Top Things to Do in Cape Town
- Take a cable ride to the plateau at the top of The Table Mountain. You can enjoy fantastic panoramic views of Cape Town, Robben Island, Table Bay, and the Atlantic Ocean from the iconic mountain.
- Explore Robben Island where Nelson Mandela was imprisoned for 18 years. It is an island in Table Bay and a UNESCO World Heritage Site
- Plan a day trip to the Cape of Good Hope – a rocky headland on the Atlantic Coast of Cape Peninsula. The picturesque Chapman’s Peak Drive will take you all the way to Cape Point where the Atlantic and Indian Oceans meet. En route, take a stop-over to admire the African penguins at Boulder’s Beach.
- Visit Western Cape Winelands – one of the world-renowned wine regions that produce excellent, distinctive wines. There are three main regions – Stellenbosch, Paarl, and Franschhoek. Pick one of them, take a tour of the different vineyards in that area, and indulge in some wine tasting.
- Head to the colorful neighborhood of Bo Kaap, take some striking pictures, and grab dinner at a Cape Malay restaurant.
- Take a boat ride to admire the Cape Fur seals at Hout Bay. On weekends, local vendors and artisans come to the Bay Harbor Market to sell their products.
- Relax, eat, and shop at the V&A Waterfront – home to South Africa’s oldest harbor. It is a favorite hangout for locals as well as visitors.
- Hit the beaches. Camps Bay is lined with palm trees and is one of the most popular beaches in Cape Town. You can relax on the white sand, enjoy a picnic, visit the tidal pools, and enjoy the scenic views.
Things to know before visiting South Africa
- November to May is the best time to visit South Africa. November–February is the summer month in the Southern Hemisphere, but the temperatures are moderate and pleasant. If you want to avoid the crowds plan your trip from March to May. The winter months (July-November) are good for whale-watching. The drier winter months from May to October are the perfect time for game viewing. It gets cold but you don’t need thermals and stuff. So, overall South Africa is a year-round destination.
- South Africa is quite a safe destination. Just use your common sense, be vigilant, and don’t walk around at night or flash your valuables.

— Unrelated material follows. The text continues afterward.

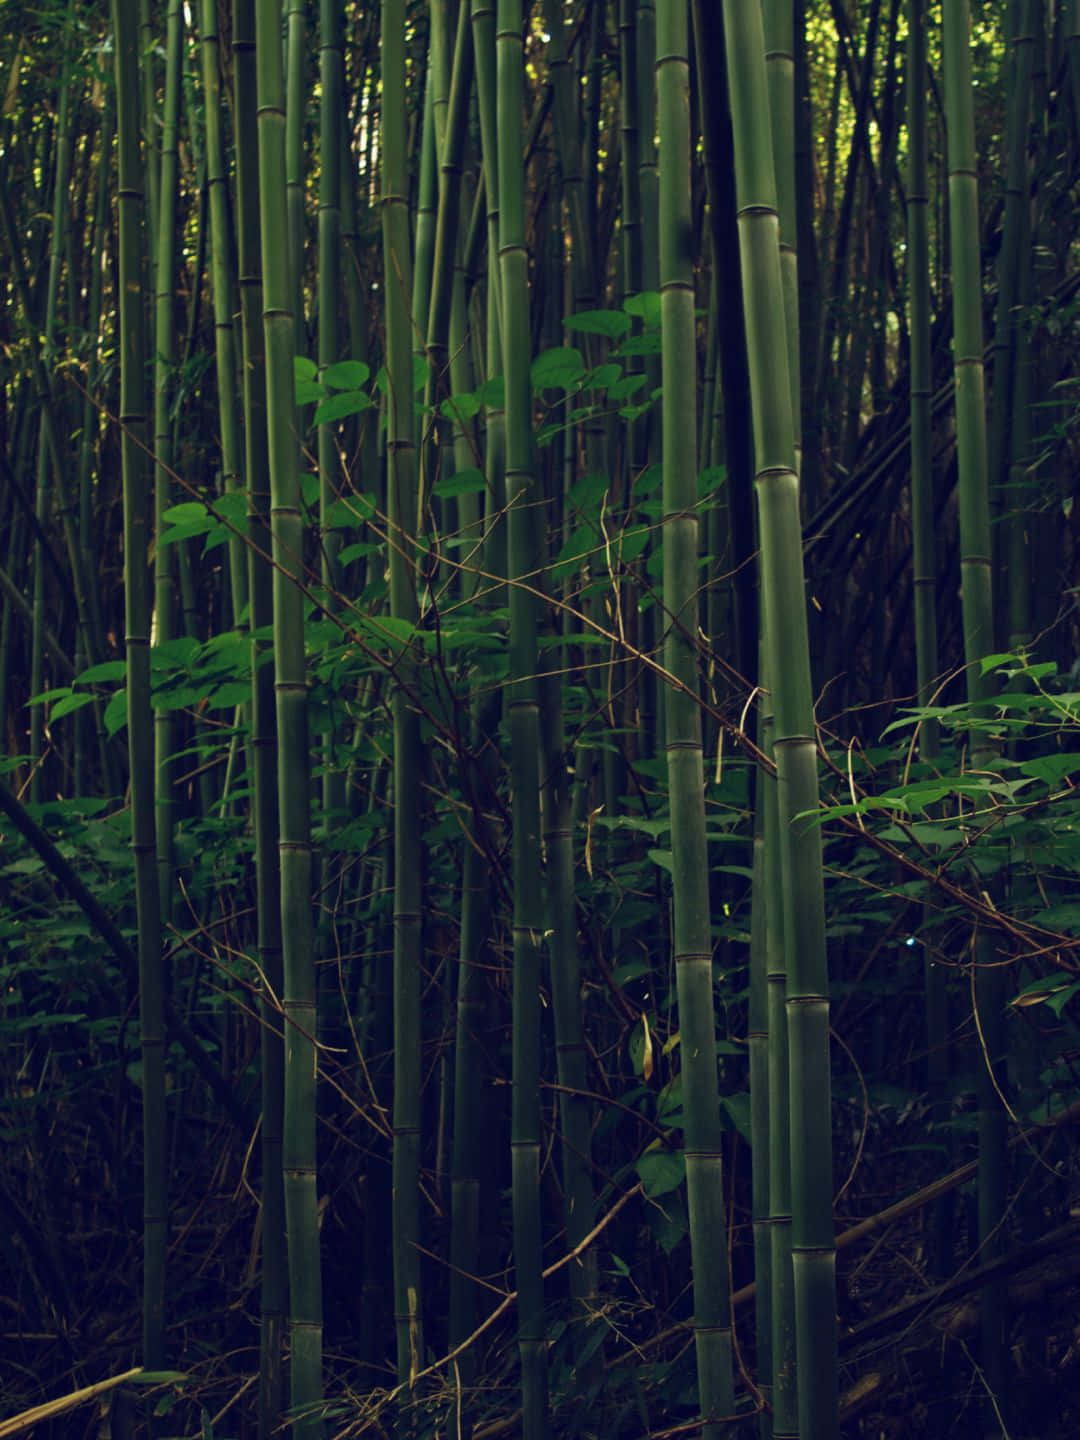 Fondode Pantalla De Bambú En 1440p, Árboles De Bambú En Un Entorno Oscuro.

- Renting a car makes life easier in South Africa. Roads are generally in good condition, all signposts are in English, and the traffic is quite organized and manageable. You can drive in South Africa with any license as long as it is printed in English. South Africans drive on the left-hand side of the road.
- Carjacking and petty thefts from cars are quite common in South Africa. Never leave valuables in your car and use the services of ‘car-watchers’ who can be found in the parking spaces. They basically guard your cars informally.
- Uber operates in most places in South Africa. It is cheaper than metered taxis, yet quite reliable and convenient.
- South Africa has a tipping culture and 10-15% is an acceptable amount in most places.
- Zulu is the most common language spoken in South Africa, followed by Xhosa and Afrikaans. Most South Africans are multilingual. English may not be spoken, but it is widely understood in urban areas.
- The South African Rand (sign: R; code: ZAR) is the country’s official currency. One dollar is around 14 ZAR as of now.
- You can safely drink tap water in South Africa.
- Carry insect repellent with you. Many areas within South Africa are malaria risk zones, so consult your doctor and carry the necessary medication.
- Contrary to popular belief, Cape Point is not the southernmost tip of Africa. Cape Agulhas, located around 200km to the southeast, is the most southerly tip of the African continent.